Segment Start: Data

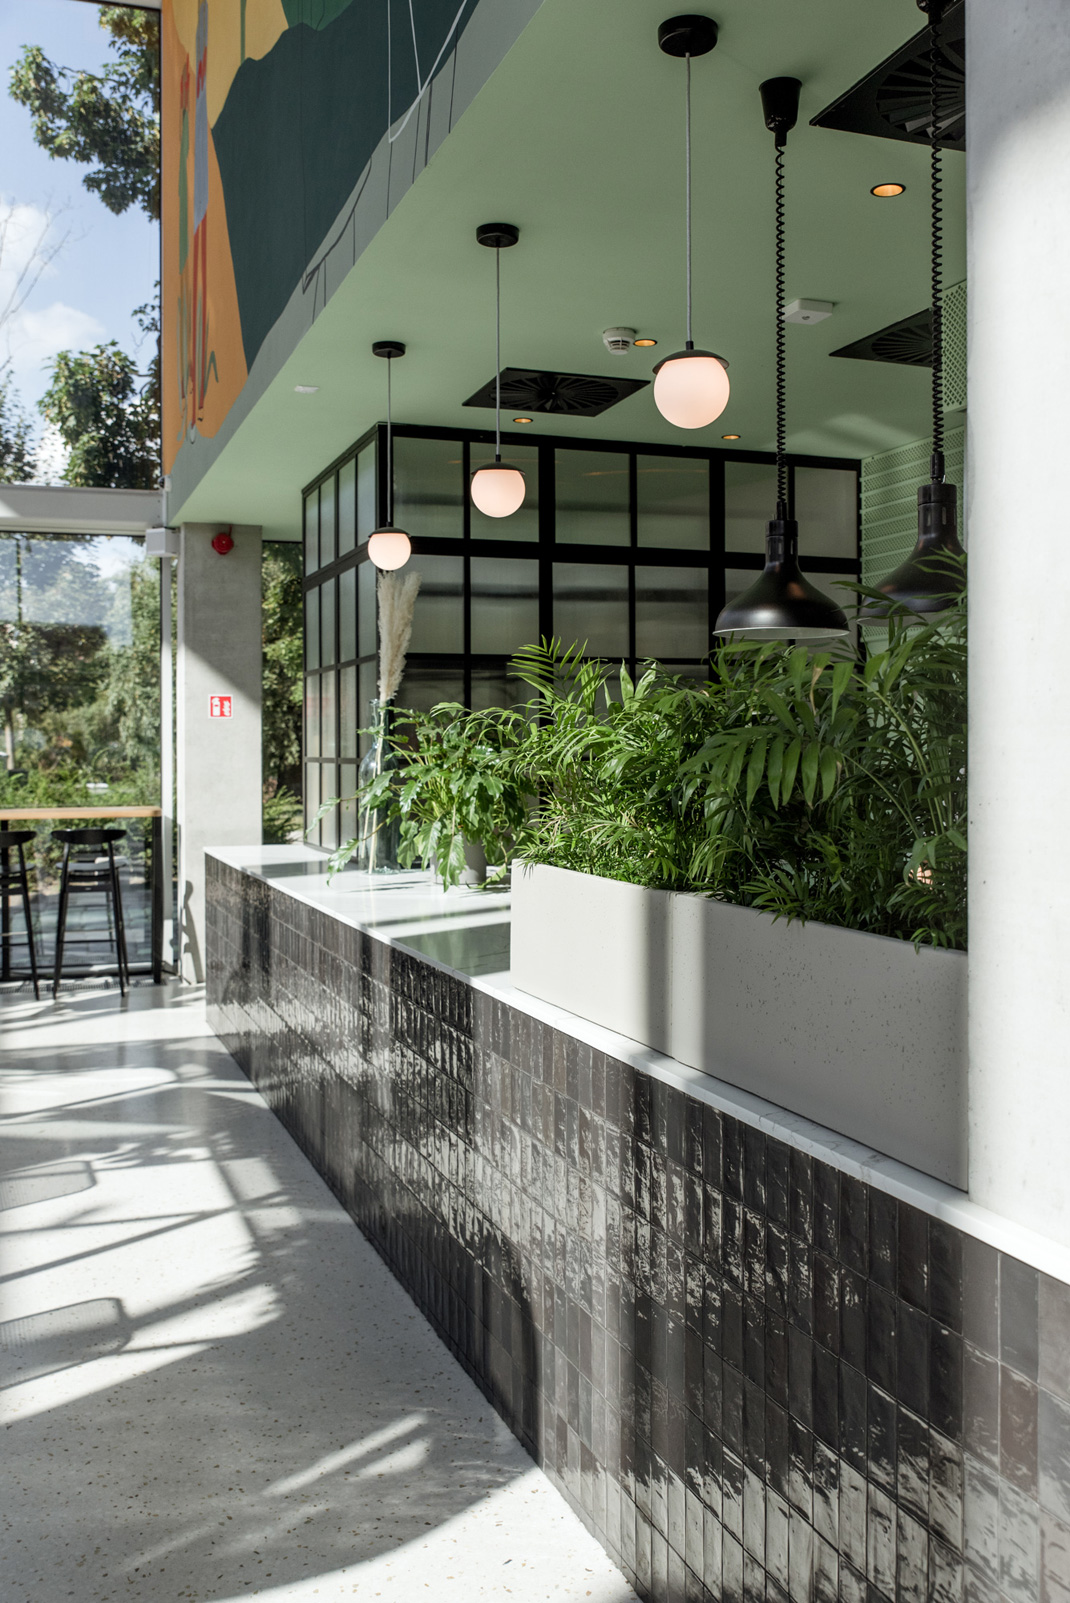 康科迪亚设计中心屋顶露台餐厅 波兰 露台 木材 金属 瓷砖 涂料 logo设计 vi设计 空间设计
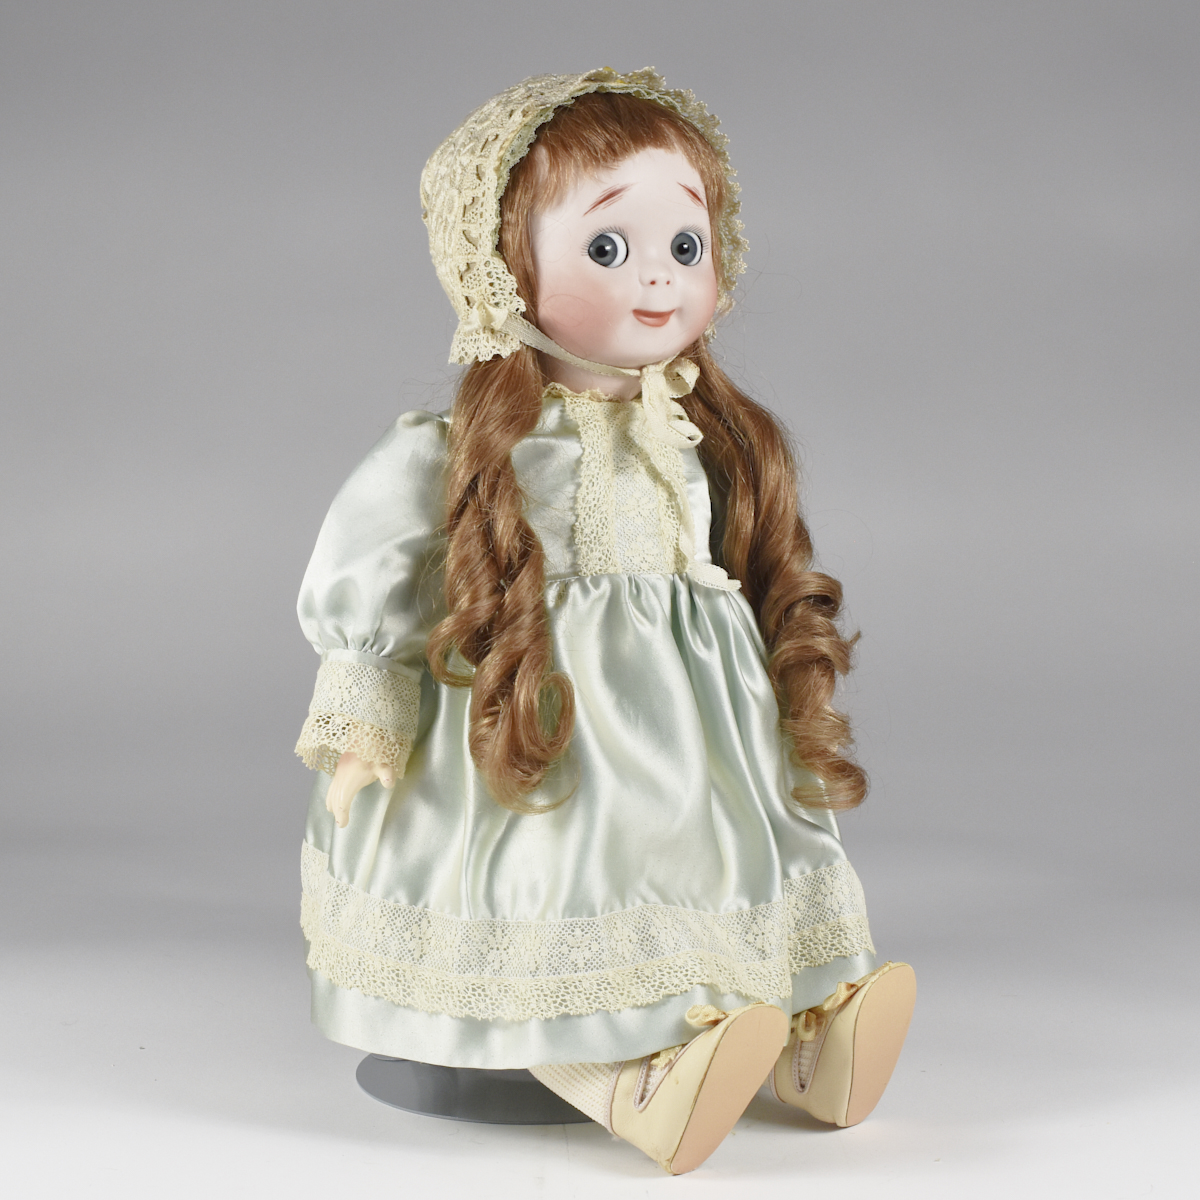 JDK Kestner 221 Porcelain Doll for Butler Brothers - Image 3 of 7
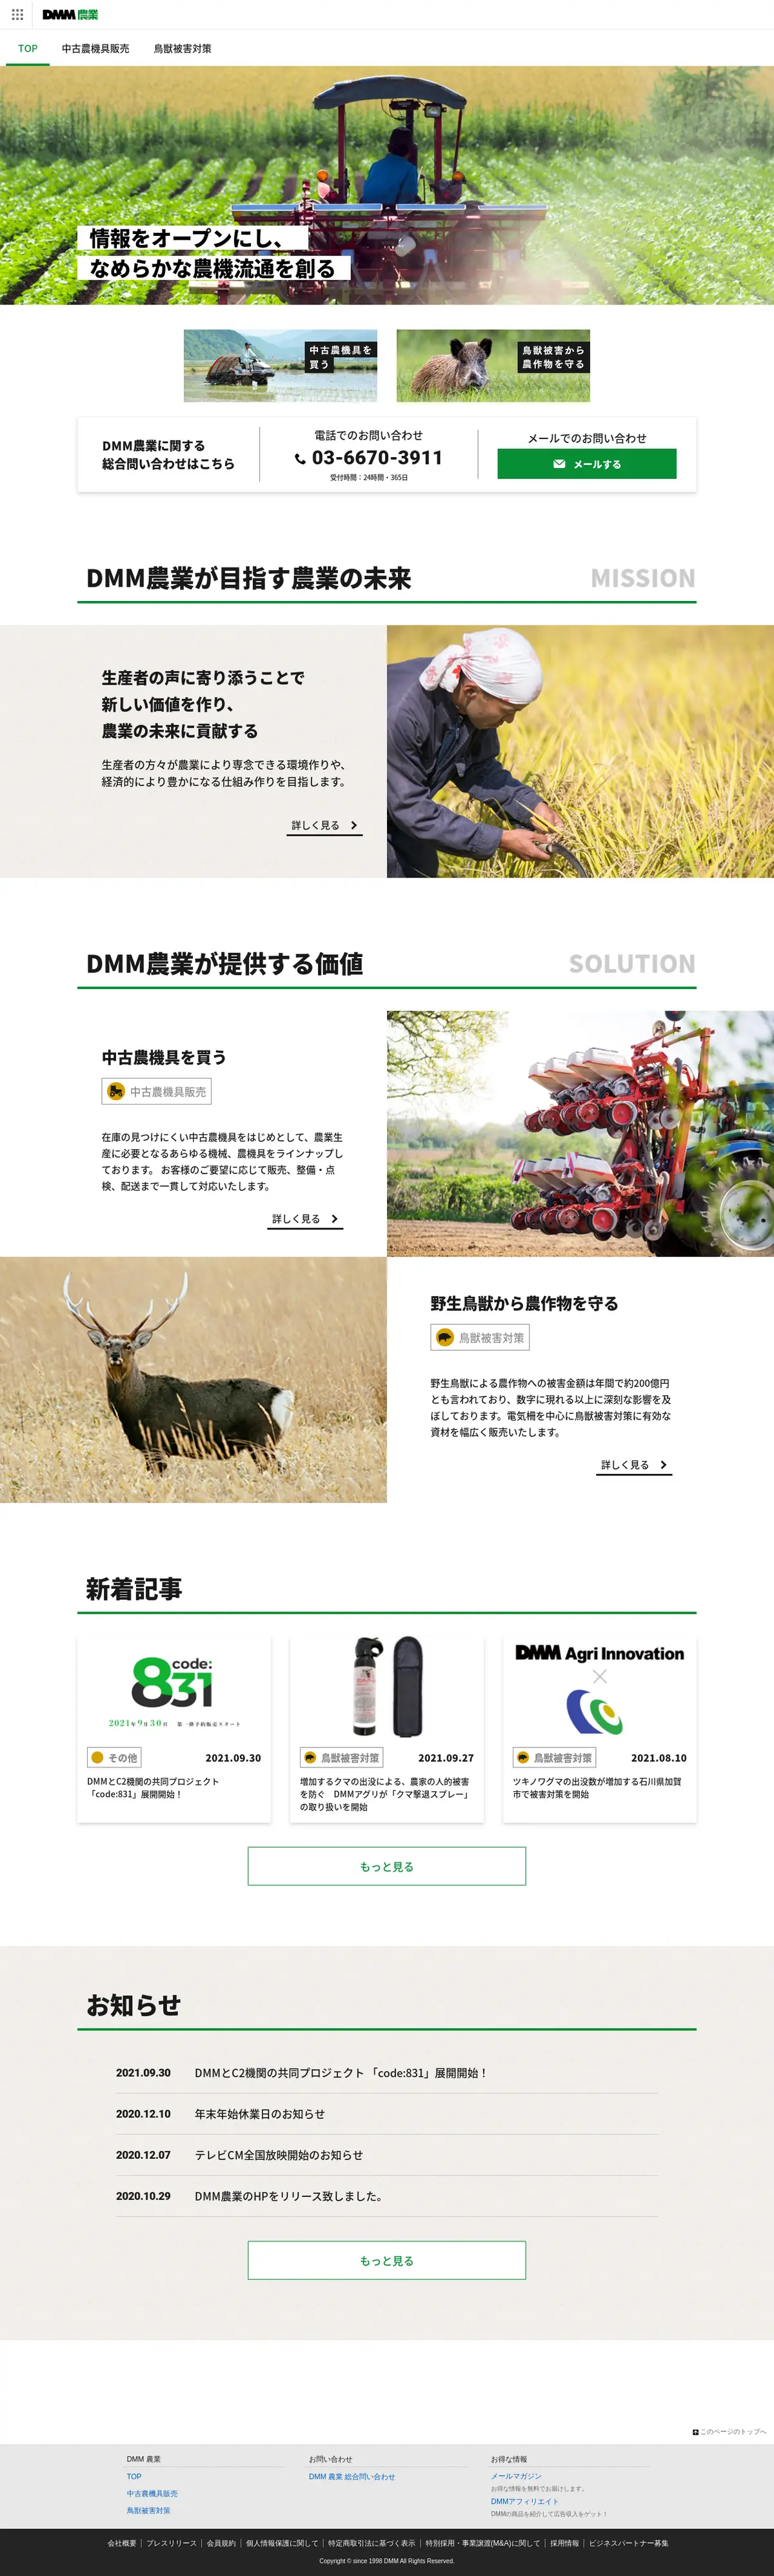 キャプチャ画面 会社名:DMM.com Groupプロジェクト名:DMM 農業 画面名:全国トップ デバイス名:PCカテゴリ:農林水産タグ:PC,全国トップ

Segment End: Data

### Exercise requirements
Since only the text is needed, retype the data above exactly and omit the pictures.

### Problem solution
 康科迪亚设计中心屋顶露台餐厅 波兰 露台 木材 金属 瓷砖 涂料 logo设计 vi设计 空间设计
 JDK Kestner 221 Porcelain Doll for Butler Brothers - Image 3 of 7
 キャプチャ画面 会社名:DMM.com Groupプロジェクト名:DMM 農業 画面名:全国トップ デバイス名:PCカテゴリ:農林水産タグ:PC,全国トップ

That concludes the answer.